Family Quality Time for Employees Working From Home. Before and During COVID-19 Pandemic Comparisons
Keywords:
working from home, family quality time, work-life balance, COVID-19 pandemicAbstract
Data from a two-wave study (2018−2019 and 2020) on working conditions and on work-life balance for those working from home (WFH) point to the fact that the contribution of WFH to family quality time is distinct when gender, children and different levels of education are considered. Our first wave showed that for those who do not have children, the more they work from home, the greater the extent to which they agree that “WFH allows more quality time with the familyˮ. For men, WFH does not change the representation of quality time with the family. Implications point to an unequal representation and distinct gendered experiences of quality family time that hide different time use patterns in family members, with an even more clear division with the cultural shift around work generated by the current pandemic. Men tend to be more protected from household chores and possibly have different standards of what quality time means, which would explain our results.

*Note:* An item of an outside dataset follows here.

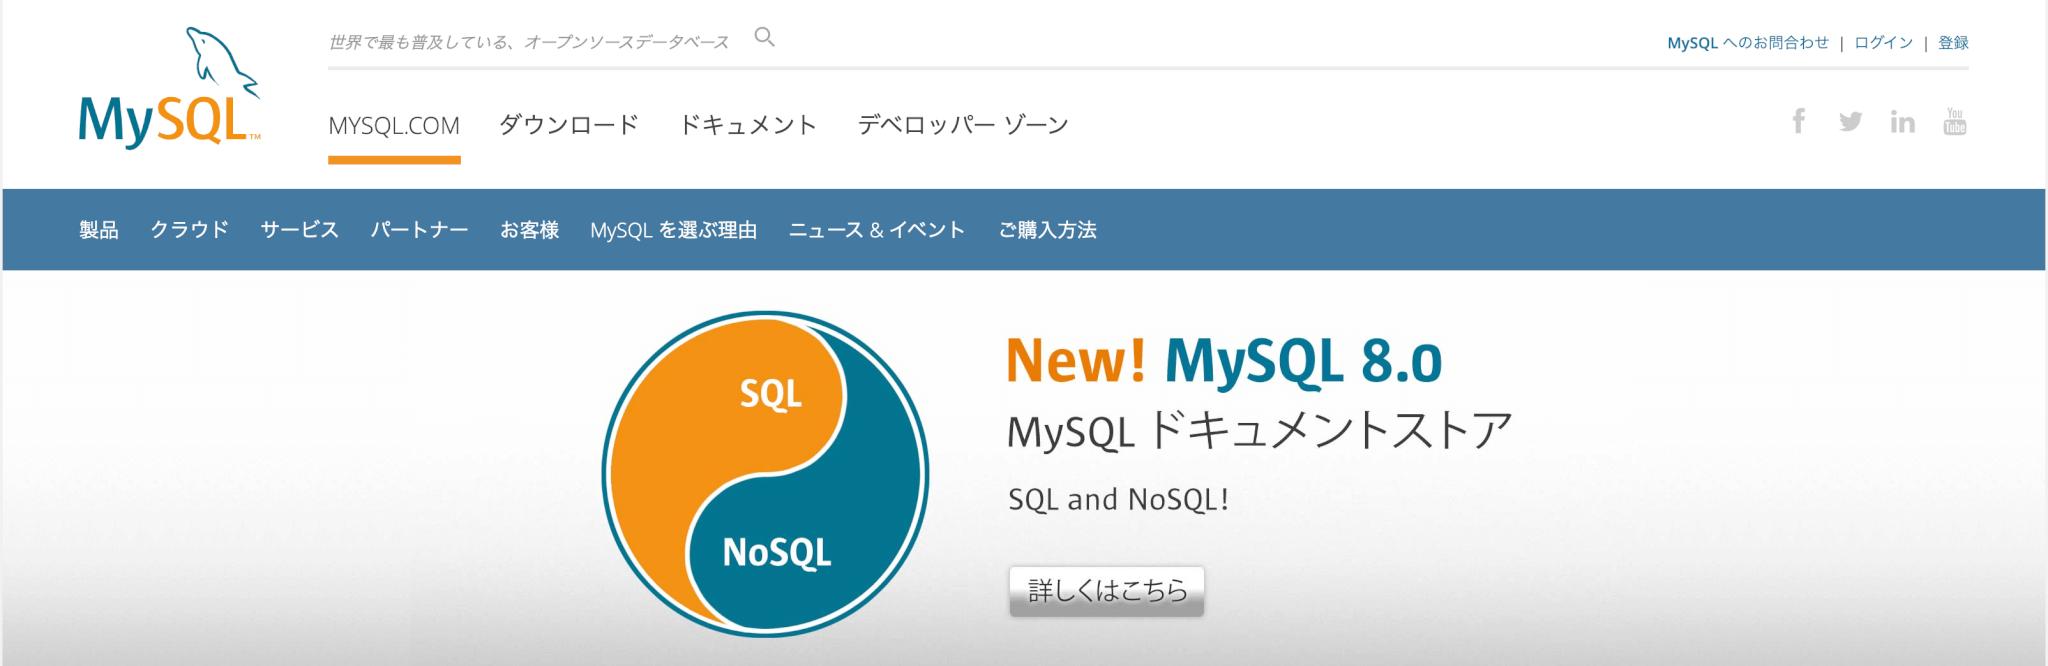 データベースとは SQL 入門 MySQL ホームページ画面

Moreover, data from 2020 suggests that the appreciation of WFH as contributing to quality family time is lower than the 2018−2019 data suggested, even when we control for education, age, number of children, living in Romania or outside it, gender, and number of members in the household. This further expands the discussion about different theoretical conceptualisations of quality family time, and about how the COVID-19 pandemic, with forced and sudden working from home policies, contributed to a deterrence of home as a restorative place.